Muito lentamente, o homem se levanta. Sacode as roupas, sacode a dor por gestos mais suaves ainda. Do bolso direito das calças tira o lenço: devagar, o lenço bebe o sangue dos lábios. Do outro bolso sai um cigarro: fuma-o, sozinho, no largo desabitado. Debruça-se, recolhe o saco de cabedal: avança, movimento dolorido, em direcção do nada.

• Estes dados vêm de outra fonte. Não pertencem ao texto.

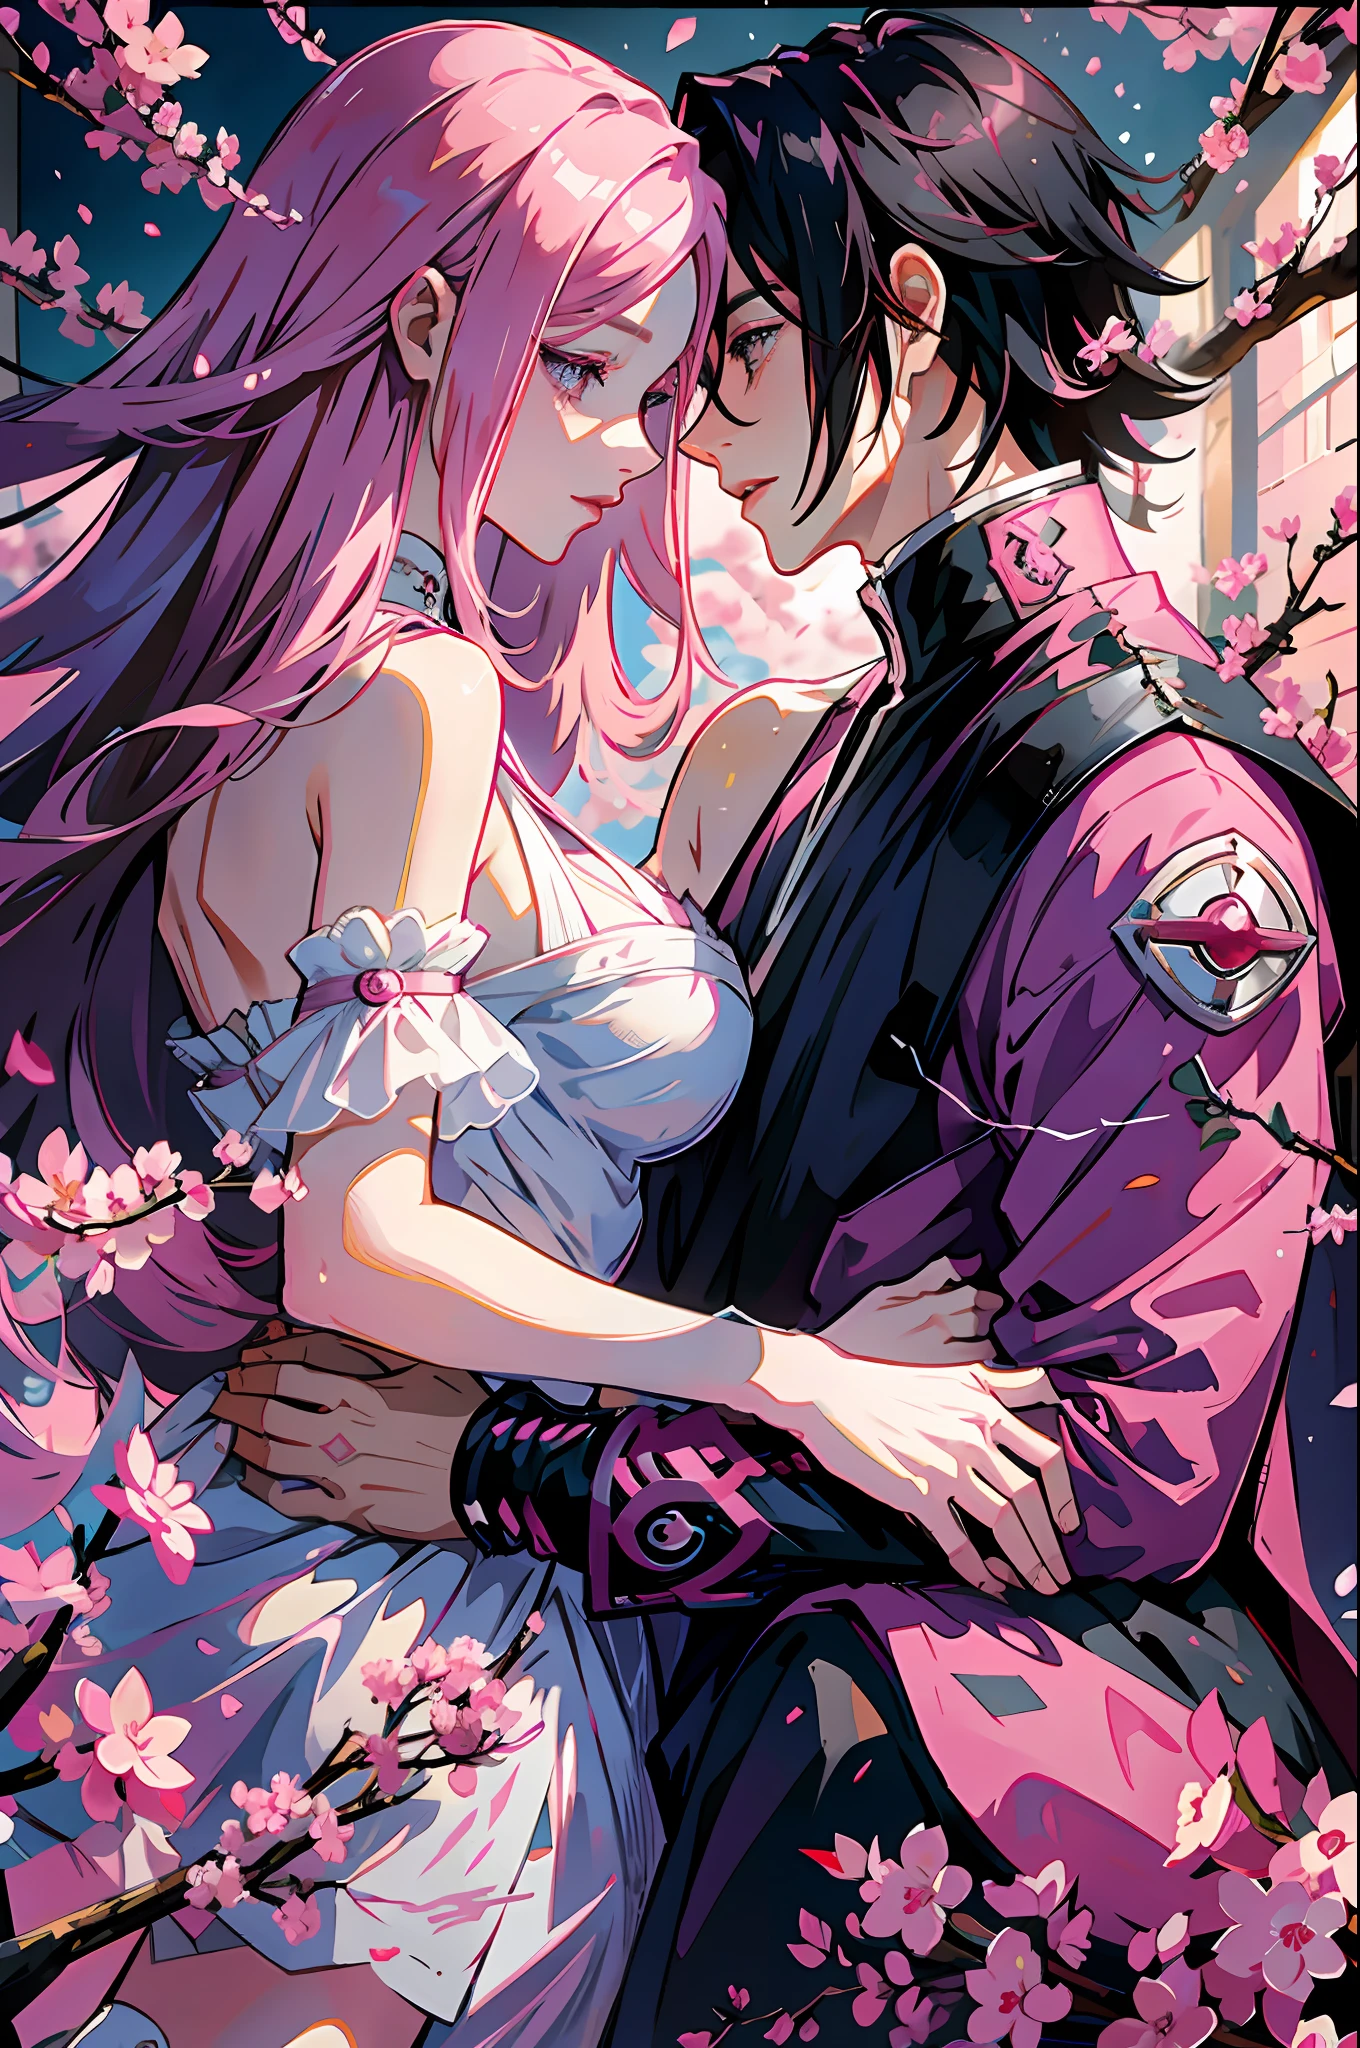 Pink haired woman lying in the arms of a black haired man, royalty, nobility, princess, elegant, kiss, high quality, couple, kiss, ((sasuke and sakura)). man and woman, staring at each other

Antes de sair do largo (ou da página?), volta-se para mim (silencioso cronista), avisa-me: O narrador protege a personagem, foste tu o instigador do desacato!
Silencioso sou, silencioso fico.
Parado. O homem persiste parado, enxuga ainda os lábios como se os corrigisse. Aguarda, eu sei, uma palavra minha. Por outras aventuras andámos e nunca ninguém lhe fugiu ao respeito. Merece uma explicação, e eu não a sei desencantar. Que terá dito a rapariga à família de ódios silenciosos? Que fogo ancestral espavoriu como animal silvestre? Dos lábios da personagem apenas saiu uma pobre metáfora – e achava-a, erro meu, erro meu, saborosa como fruta da época.
Queixam-se
os peixes: todas as manhãs
a solidão do cardume é perturbada
com a imobilidade dos olhos,
o movimento ininteligível
do ser único, eterno,
a ordem imutável
contra a perpétua mudança,
defendia: enquanto caminhava
ao lado dos seus discípulos
O homem na névoa lembra-se da mãe. “Antigamente os pássaros não voavam”, diz. Dos campos lavrados, diante dos seus olhos, levantam-se pombas,
Depressa o bando se dilui na delicada penumbra humedecida. O homem olha devagar, retém a paisagem. “Antigamente pensava: os pássaros não voam”.